This project aims to provide a decision support tool based on a machine learning predictive model for assessing the need for a CT scan for children who present to Emergency Departments with head trauma.

The predictive model is initially built from a study dataset entitled Identification of children at very low risk of clinically-important brain injuries after head trauma: a prospective cohort study collected by the Pediatric Emergency Care Applied Research Network (PECARN).

The study examined the need for a CT scan for children presenting with head trauma to emergency departments in North America with the aim of identifying children at very low risk of a clinically important traumatic brain injury (ciTBI) for whom a CT scan can be avoided.

This repository contains separate components a that are being worked on in parallel. During the active project phase between March and June 2020 each team member is working from their own separate branch, and these are not being actively rebased.

An overview of the architecture for this projects is shown below.

Architecture Summary

Getting Started

Clone this project and obtain the study data set and place it in the same directory as the project clone.

Visual Studio Code, and the Anaconda Python distribution are recommended.

A Visual Studio Code workspace file is provided.

Study Dataset

This project requires a study dataset from PECARN. Please obtain the CSV data file from PECARN and place it in the same directory as the project files.

Python Environment

A requirements.txt file is provided with the versions of selected packages used in this project. A Python virtual environment suitable to run the various scripts or modules can be created using the Python venv module:

python -m venv .venv
.venv\Scripts\activate

When executing any Python scripts or working with notebooks, please ensure the project's src folder is on Python's module search path (i.e. in the system path, or the PYTHONPATH)
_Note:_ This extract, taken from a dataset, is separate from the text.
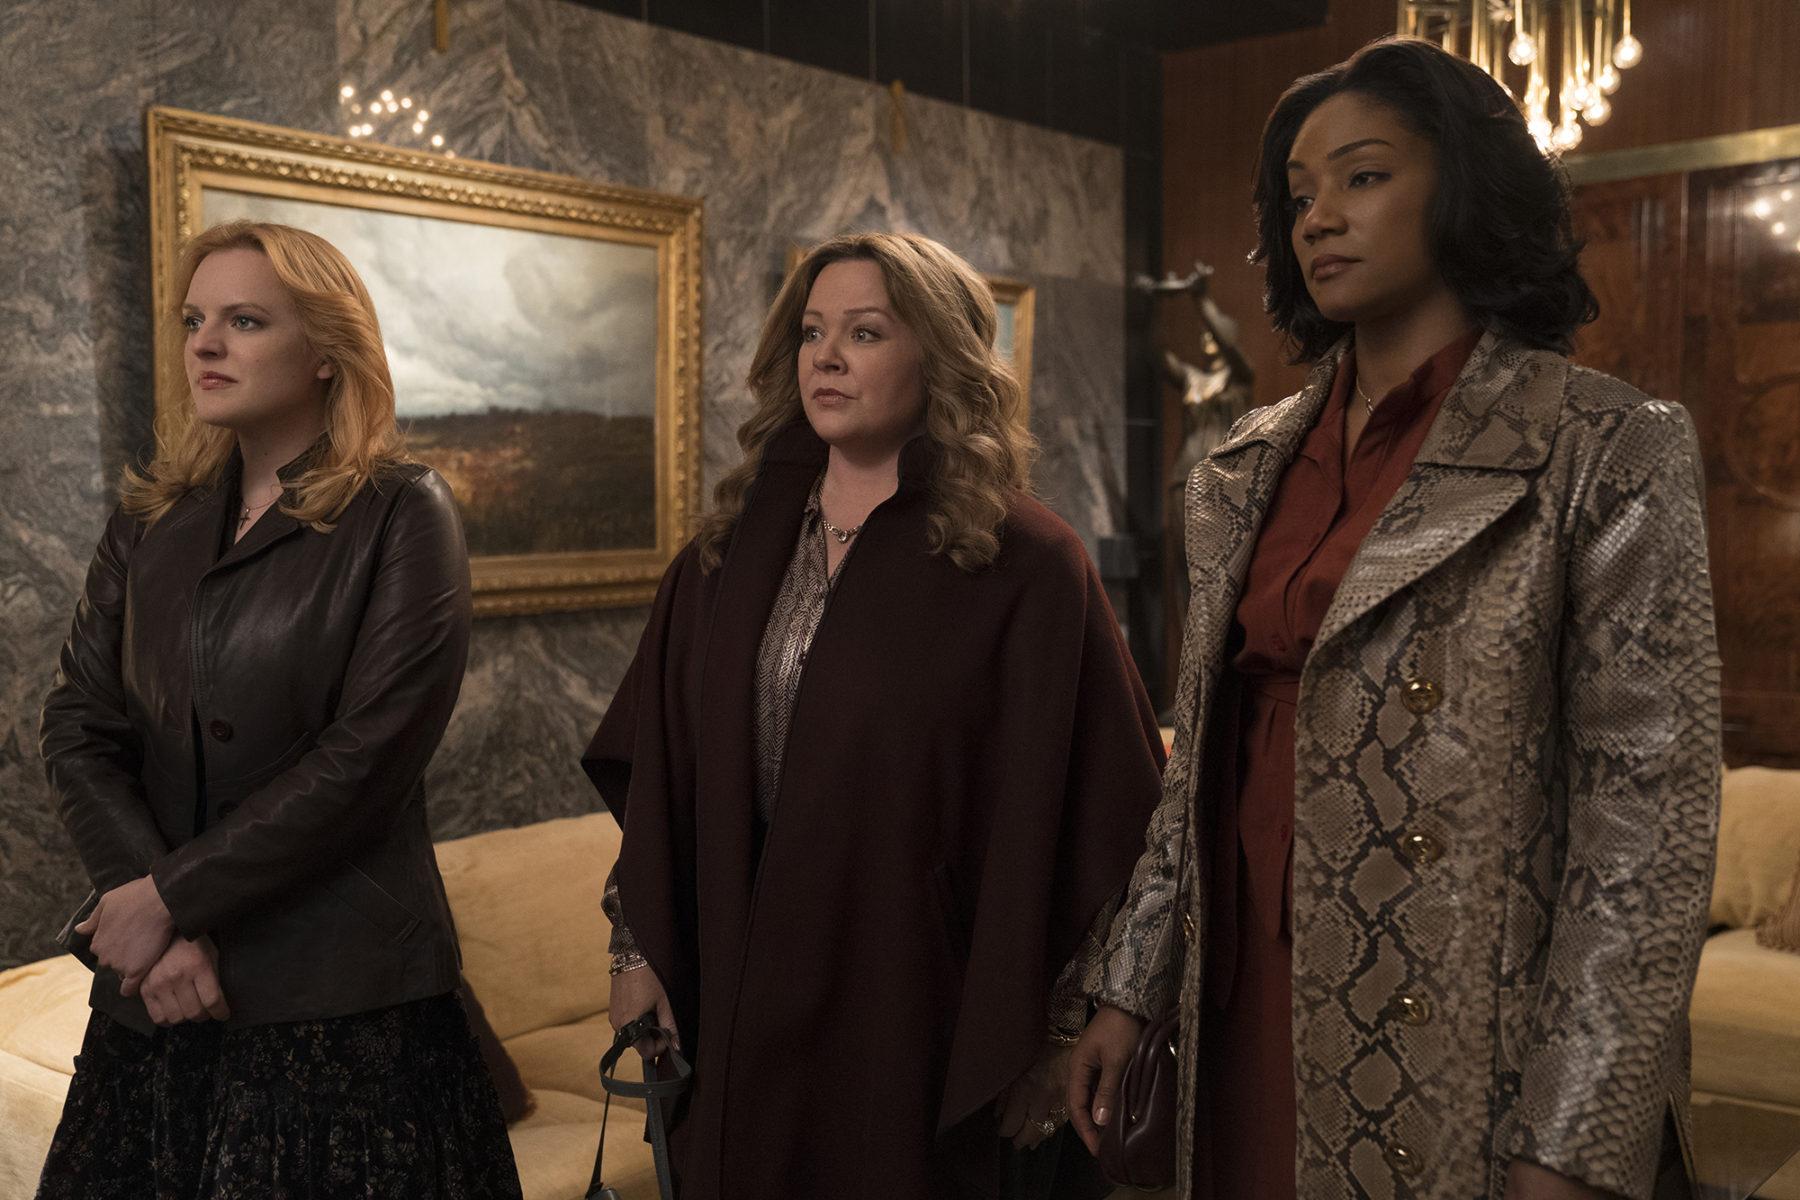 Melissa McCarthy, Tiffany Haddish, and Elizabeth Moss star in Warner Bros. The Kitchen

A Visual Studio Code workspace named tbi.code-workspace is provided, along with several workspace configuration settings. The Microsoft Python extension is recommended.

Loading Initial Data

The raw PECARN data can be loaded via the data.pecarn module:

from data import pecarn
df = pecarn.load(fromCsv=True)

The load() function will read the original PECARN CSV file and convert the dataframe columns to categorical data types

Note: The PECARN data requires that the original study dataset CSV file is placed in the same directory as the calling python script. A .pkl version of the resulting DataFrame will be cached to improve performance and will be loaded on subsequent pecarn.load() calls unless the fromCsv=True flag is set.

A "cleaned" version of the PECARN data is also available:

from data import pecarn
cleaned_df = pecarn.clean(pecarn.load())

The cleaned dataframe is the result of logic being applied on the basis of domain knowledge, as well as removal of columns that store data that is collected during case follow up, and is not available as an input to a predictive model when a patient presents to an emergency department.
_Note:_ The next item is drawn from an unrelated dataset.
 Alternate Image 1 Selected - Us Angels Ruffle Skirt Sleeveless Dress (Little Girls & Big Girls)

As well as domain logic, NaN values are also imputed, with a 0 value imputed for boolean-like data, 'most-frequent' imputed for categorical data, and 'mean' imputed for numeric data.

A "preprocessed" version of the data is also available:

from data import pecarn
preprocessed_df = pecarn.preprocess(pecarn.clean(pecarn.load()))

The preprocess module applies further cleaning rules to the dataframe to prepare it for consumption in a machine learning algorithm. Specifically, the datatypes of all variables is converted into float64. This can be incorporated into a sklearn pipeline.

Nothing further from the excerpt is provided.